What is with these new extension cords that make it hard to insert and a later detach a plug??? Got sucked in by a sale and replaced our old cord whose outer cover was splitting in spots where it had twisted.


----------



## molly (Oct 31, 2014)

Hahaha!! I feel your pain! I did not get a new cord though, just the male end. Still don't know why he used that one; he told me it was a heavier duty one easier to get hold of. I don't like the idea of no cover on the prongs but maybe I can find a little thing to put on it. It is now easier to plug in, but still nasty to pull it out...we got one by Noma for extreme outdoor use (whatever that is) and you have to depress a little lock switch to unplug it. I like it because it has an illuminated end so I can see from the house if it is working... Good luck with your repairs!!!


----------



## alisons.4388 (29 d ago)

Anyone have a 99998-410826 block heater installed? I don't hear it humming or sounding like a soft boiling kettle? Someone said block heaters can be silent? How else can you tell if it is indeed working besides using a voltage regulator?


----------



## molly (Oct 31, 2014)

alisons.4388 said:


> Anyone have a 99998-410826 block heater installed? I don't hear it humming or sounding like a soft boiling kettle? Someone said block heaters can be silent? How else can you tell if it is indeed working besides using a voltage regulator?

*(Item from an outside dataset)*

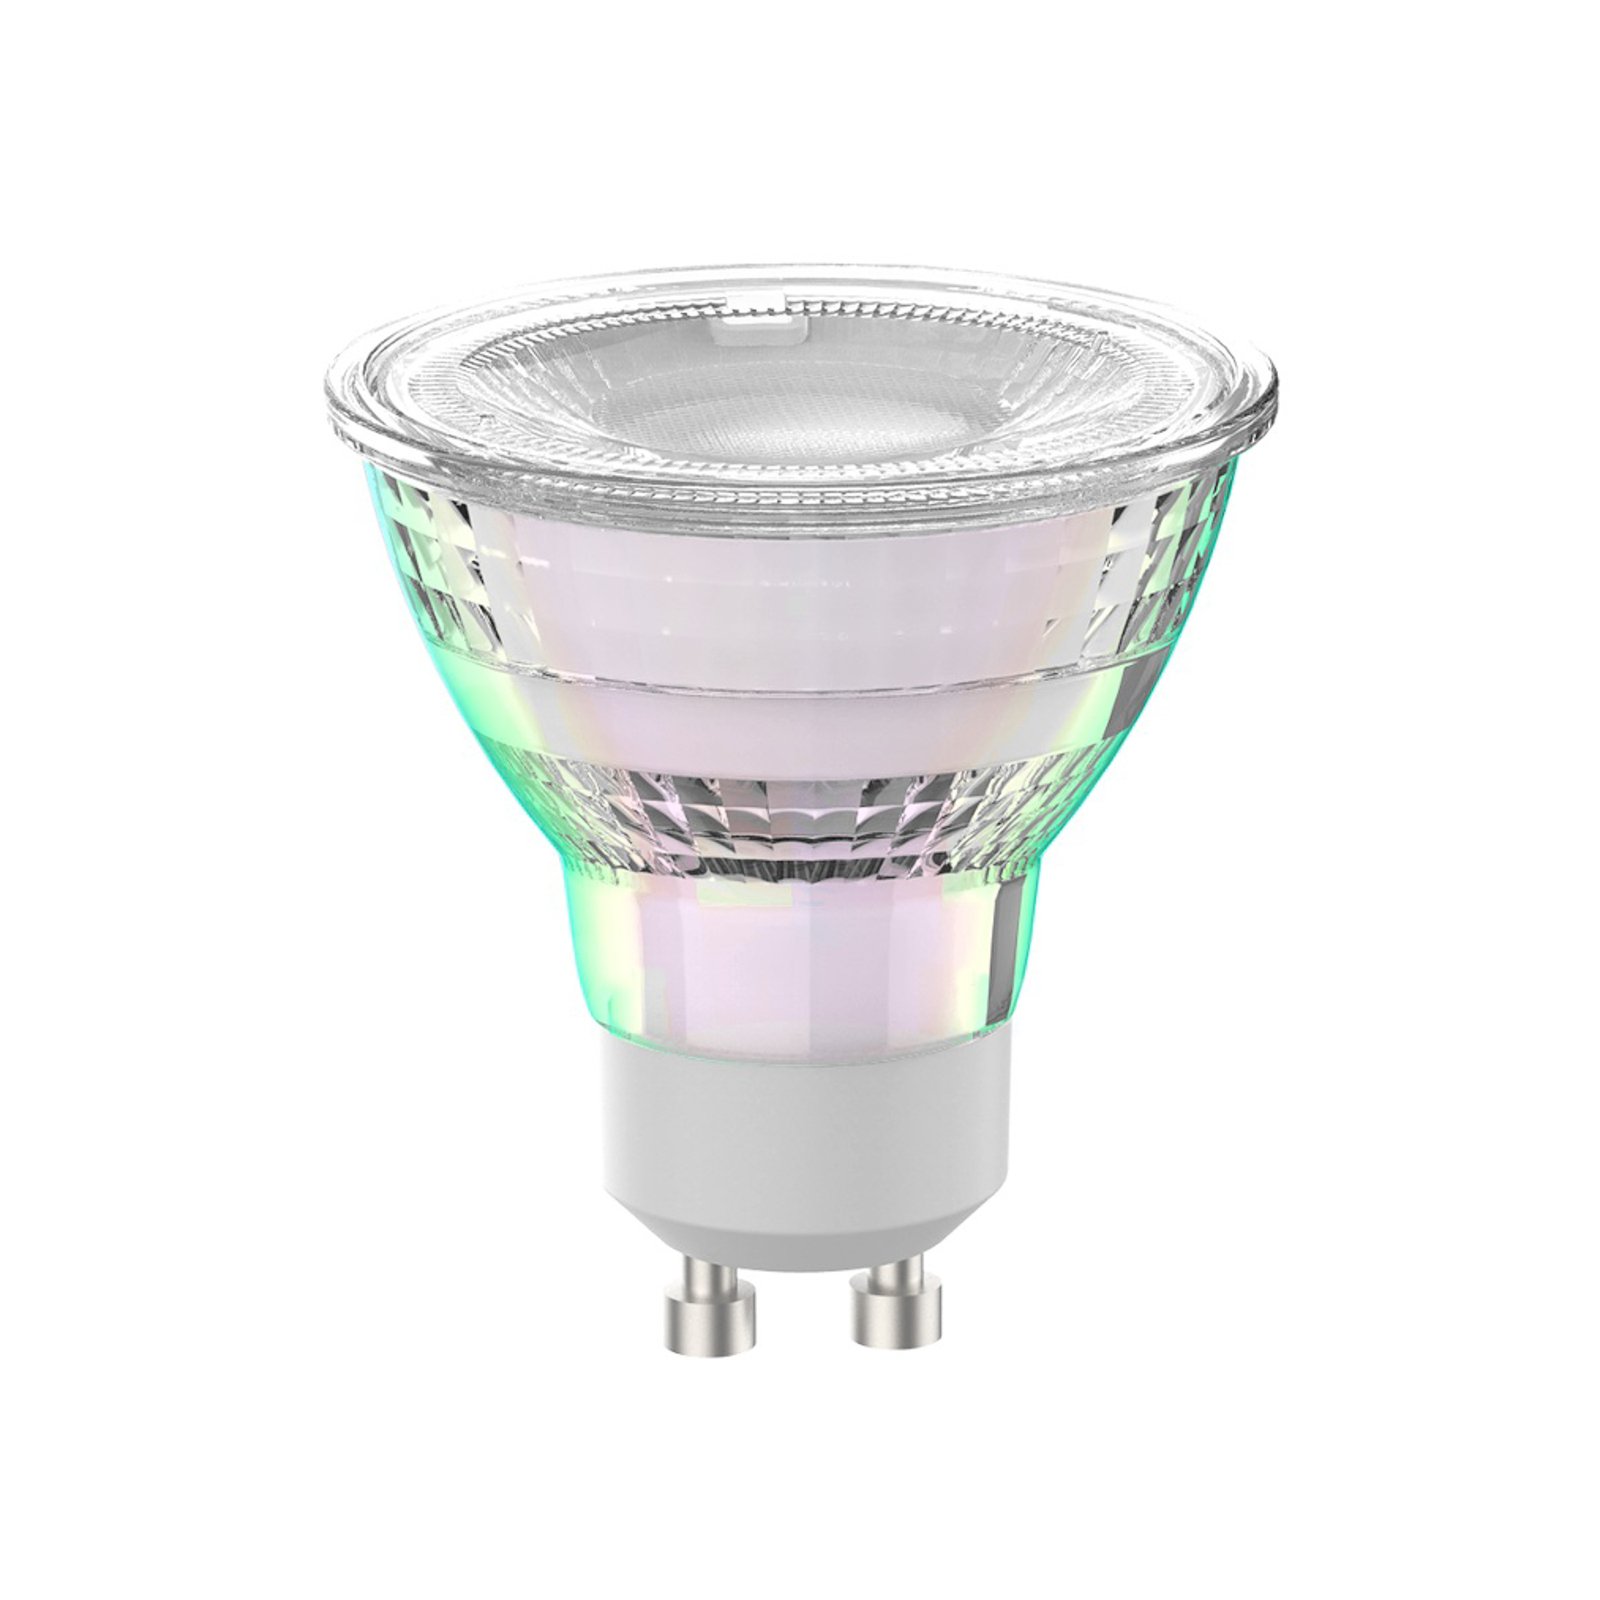 Żarówka LED Arcchio GU10 2,5W 6500K 450lm szklana zestaw 10 szt

I don't know what model block heater I have, but I am on my second 2006 X-Trail and have had to replace the plug in both. Neither made any sound when plugged in. Your mechanic can test the cord very quickly. I live in southern Alberta and we are in for some horrible cold weather this week, so glad I got mine fixed!


----------



## otomodo (May 23, 2008)

I recall mine doing a "silently burning butter on a frying pan" sound when plugged. If there's too much wind you can't hear it. And of course the next day car was warmer on start.

Sent from my SM-G781W using Tapatalk


----------